* Exercise aim
Skip the images and repeat every entry word for word.

..............................

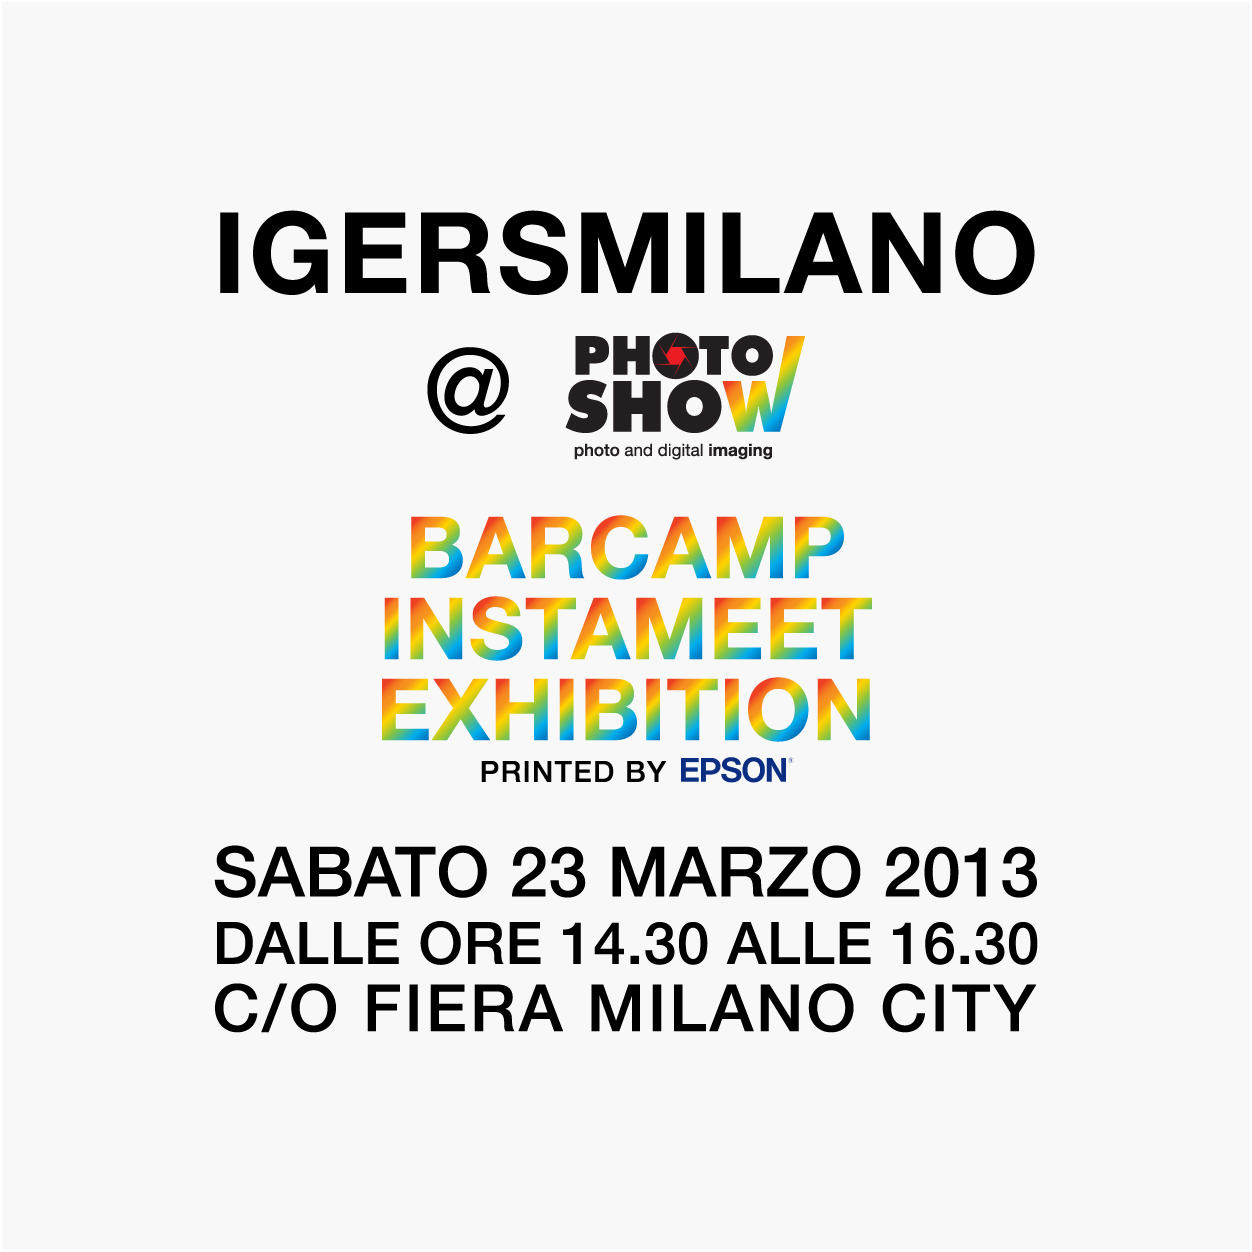 Igersmilano al Photoshow 2013: barcamp, instameet ed exhibition
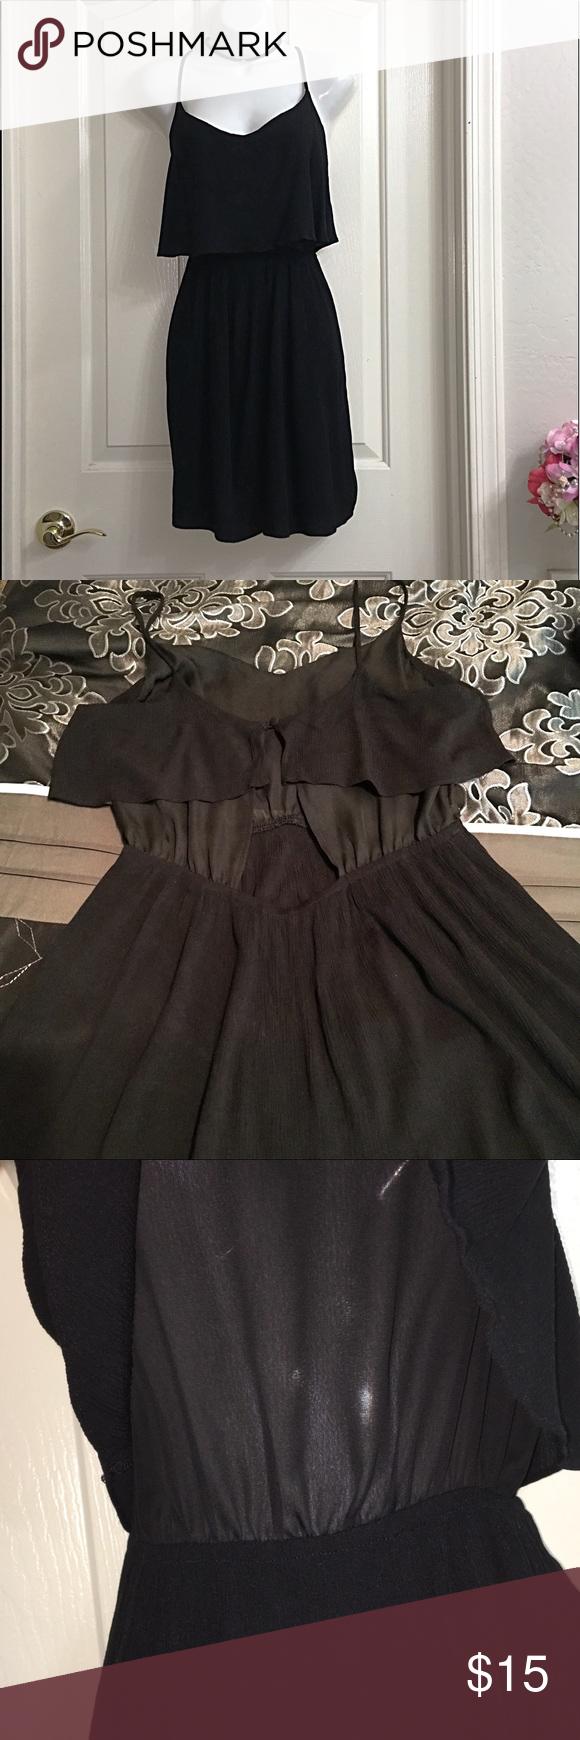 Topshop Black Dress Topshop Black Dress Top Shop Dress Clothes Design [ 1740 x 580 Pixel ]
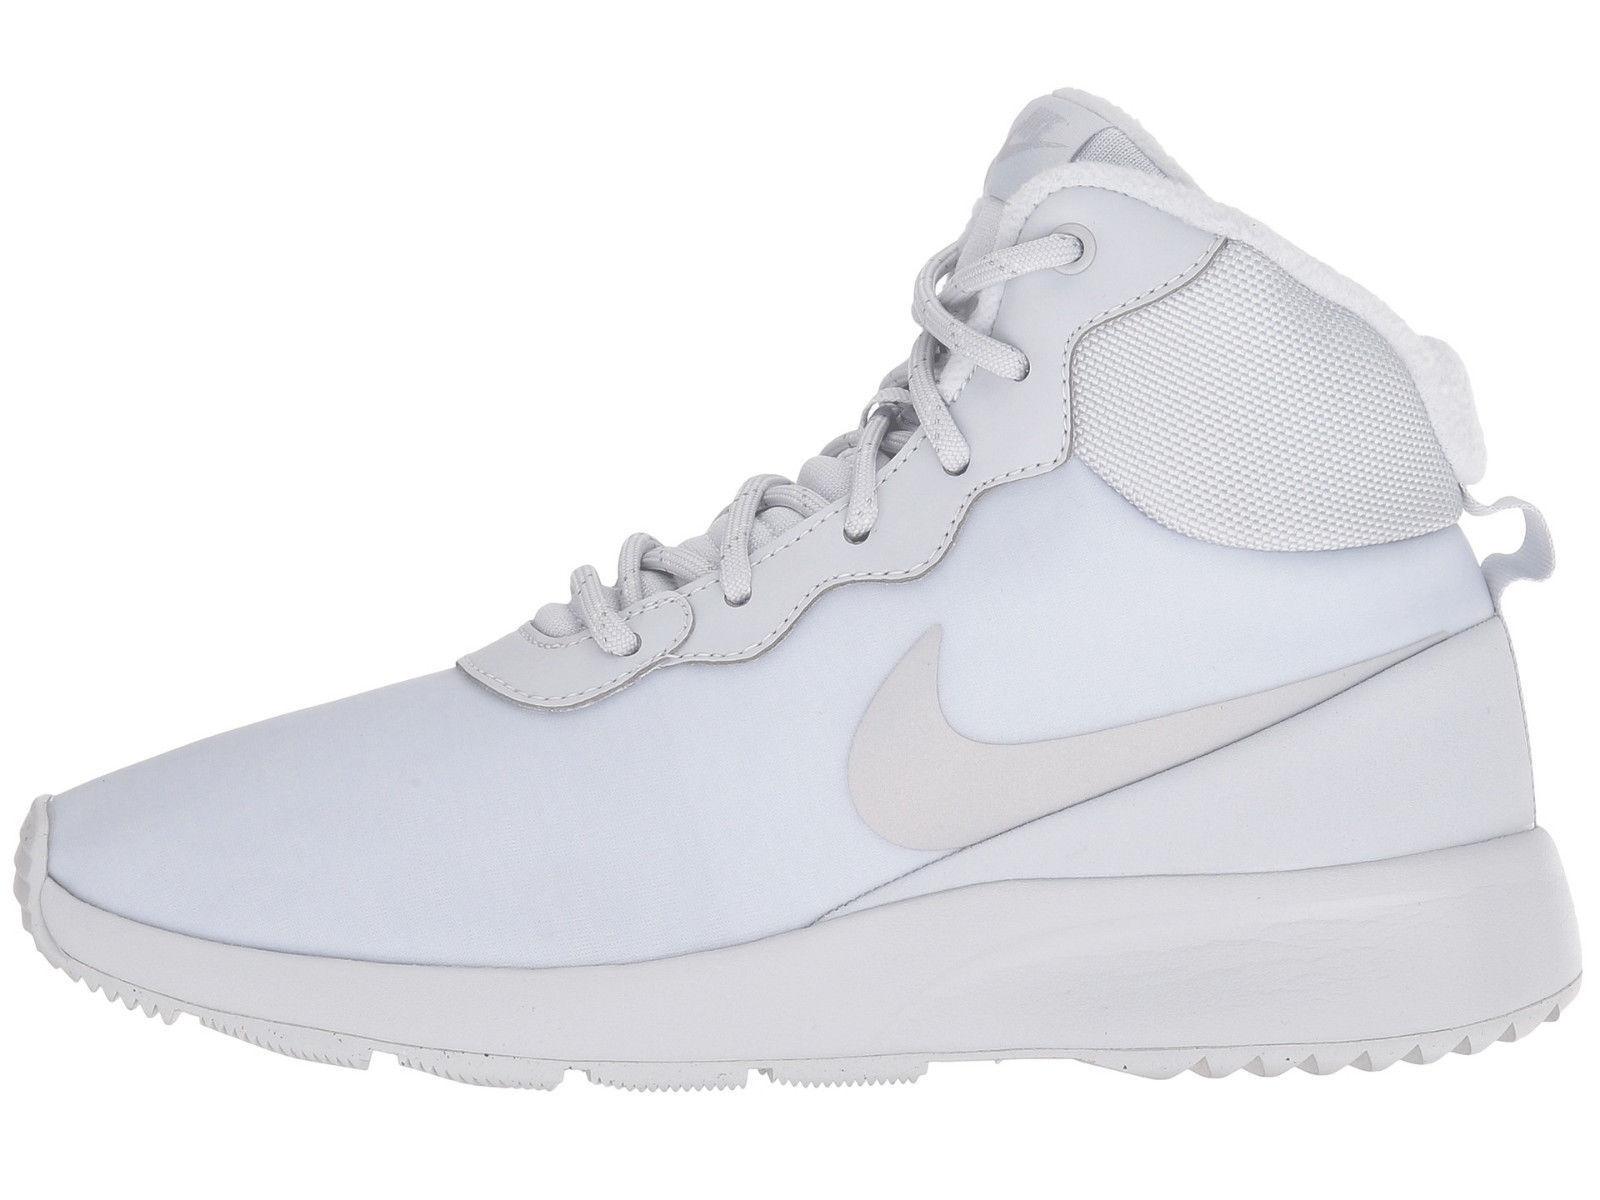 Nike Tanjun High Winter Women's Shoes 861672 100 Size 8.5 NEW
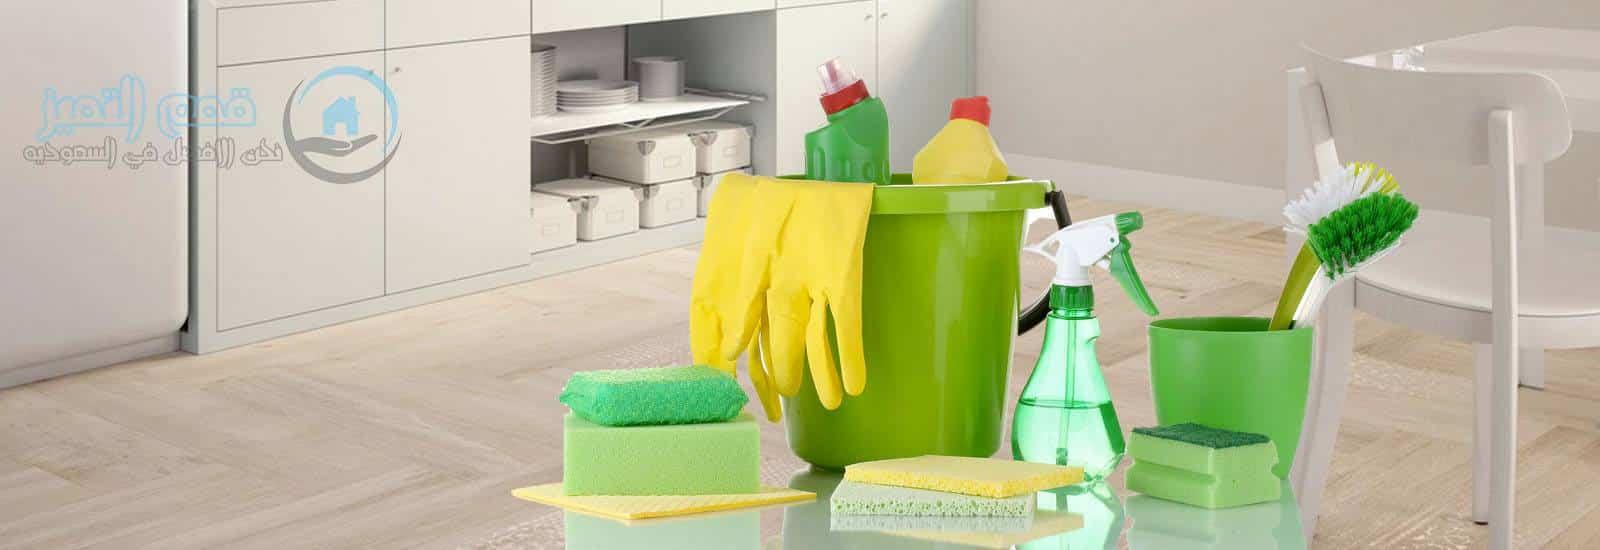 شركة تنظيف منازل بسيهات شركه تنظيف منازل بسيهات 17668741 720767831417795 1985063623 o
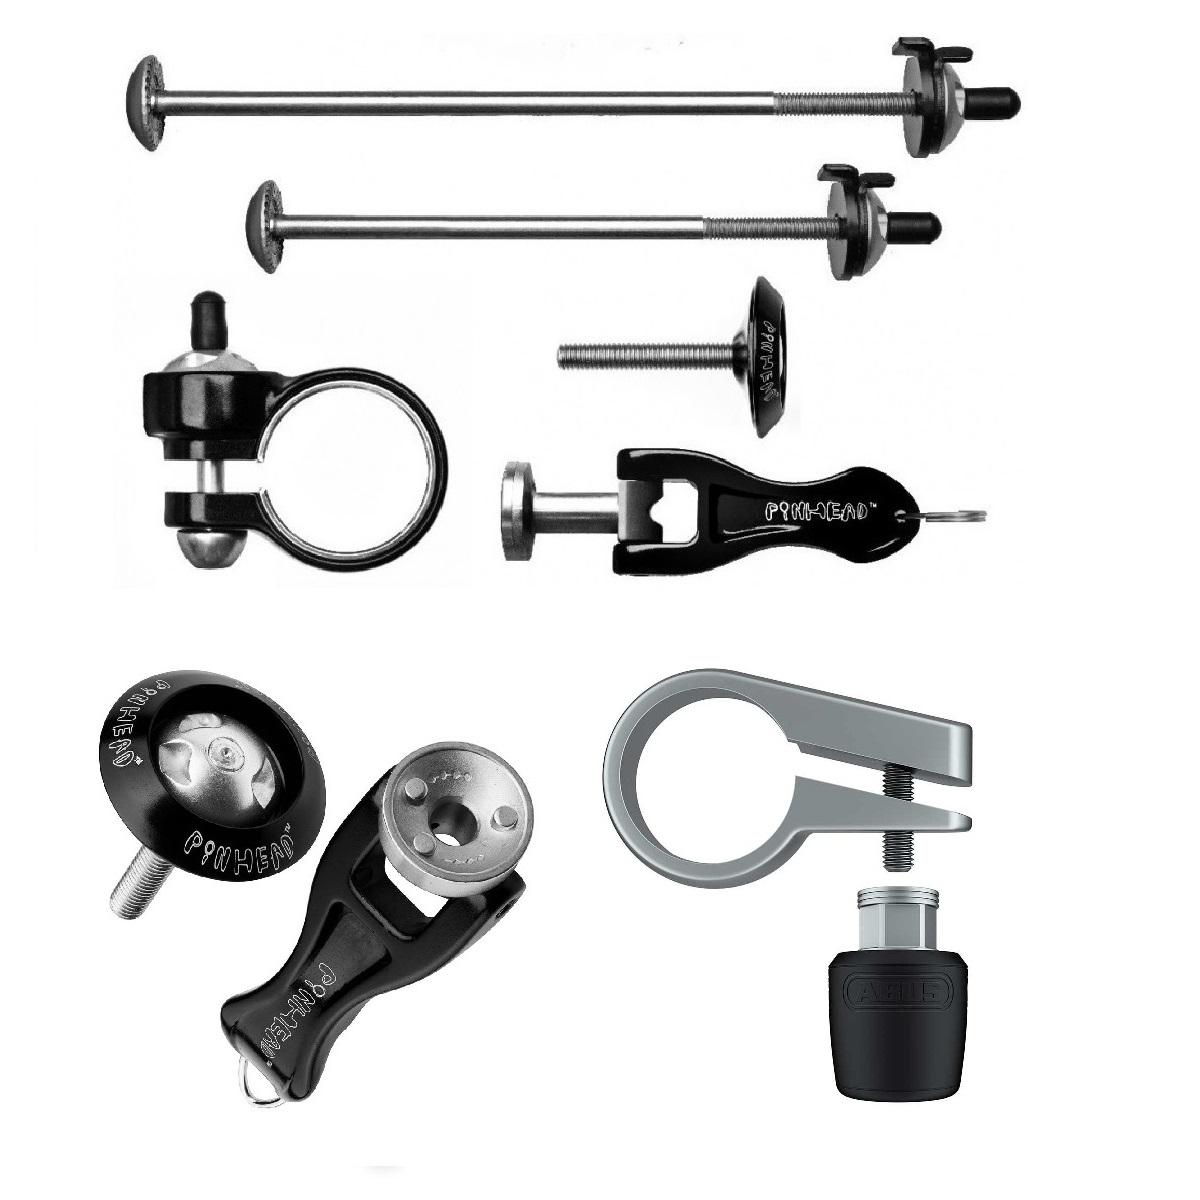 Wheel locks/Seat locks
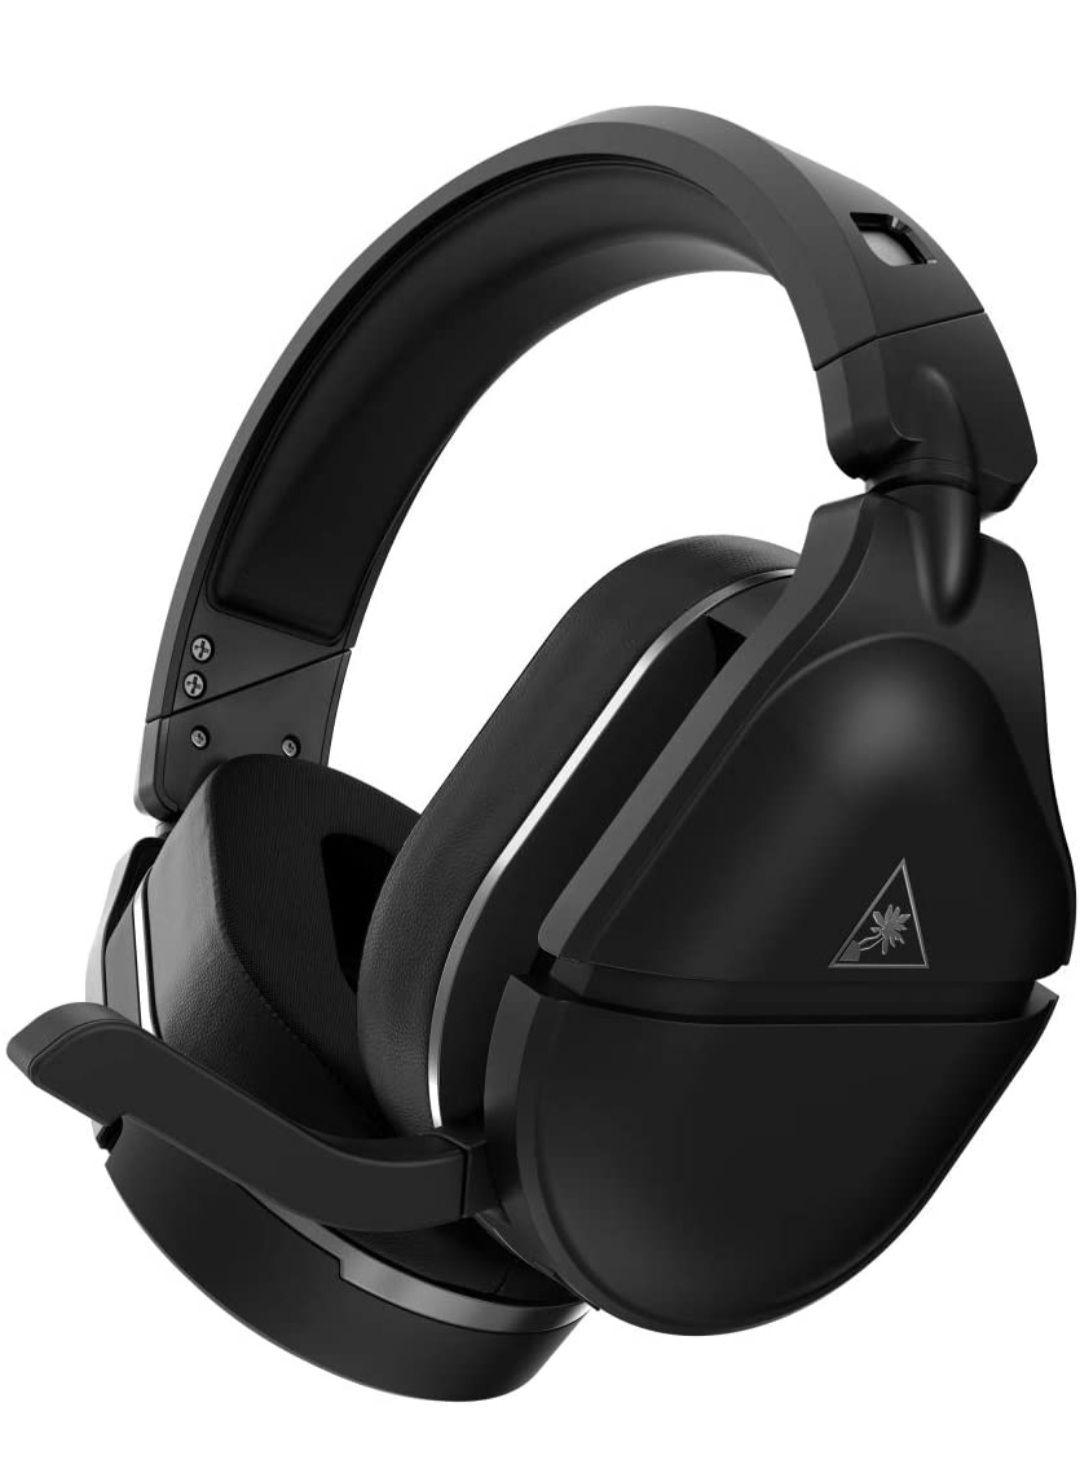 """[Gebraucht] Turtle Beach Stealth 700 Gen 2 - PS4 & PS5 Wireless-Headset [Amazon WHD - """"Sehr gut""""]"""

..............................

* Response to this task
 Igersmilano al Photoshow 2013: barcamp, instameet ed exhibition
 Topshop Black Dress Topshop Black Dress Top Shop Dress Clothes Design [ 1740 x 580 Pixel ]
 Nike Tanjun High Winter Women's Shoes 861672 100 Size 8.5 NEW
 شركة تنظيف منازل بسيهات شركه تنظيف منازل بسيهات 17668741 720767831417795 1985063623 o
 Wheel locks/Seat locks
 """[Gebraucht] Turtle Beach Stealth 700 Gen 2 - PS4 & PS5 Wireless-Headset [Amazon WHD - """"Sehr gut""""]"""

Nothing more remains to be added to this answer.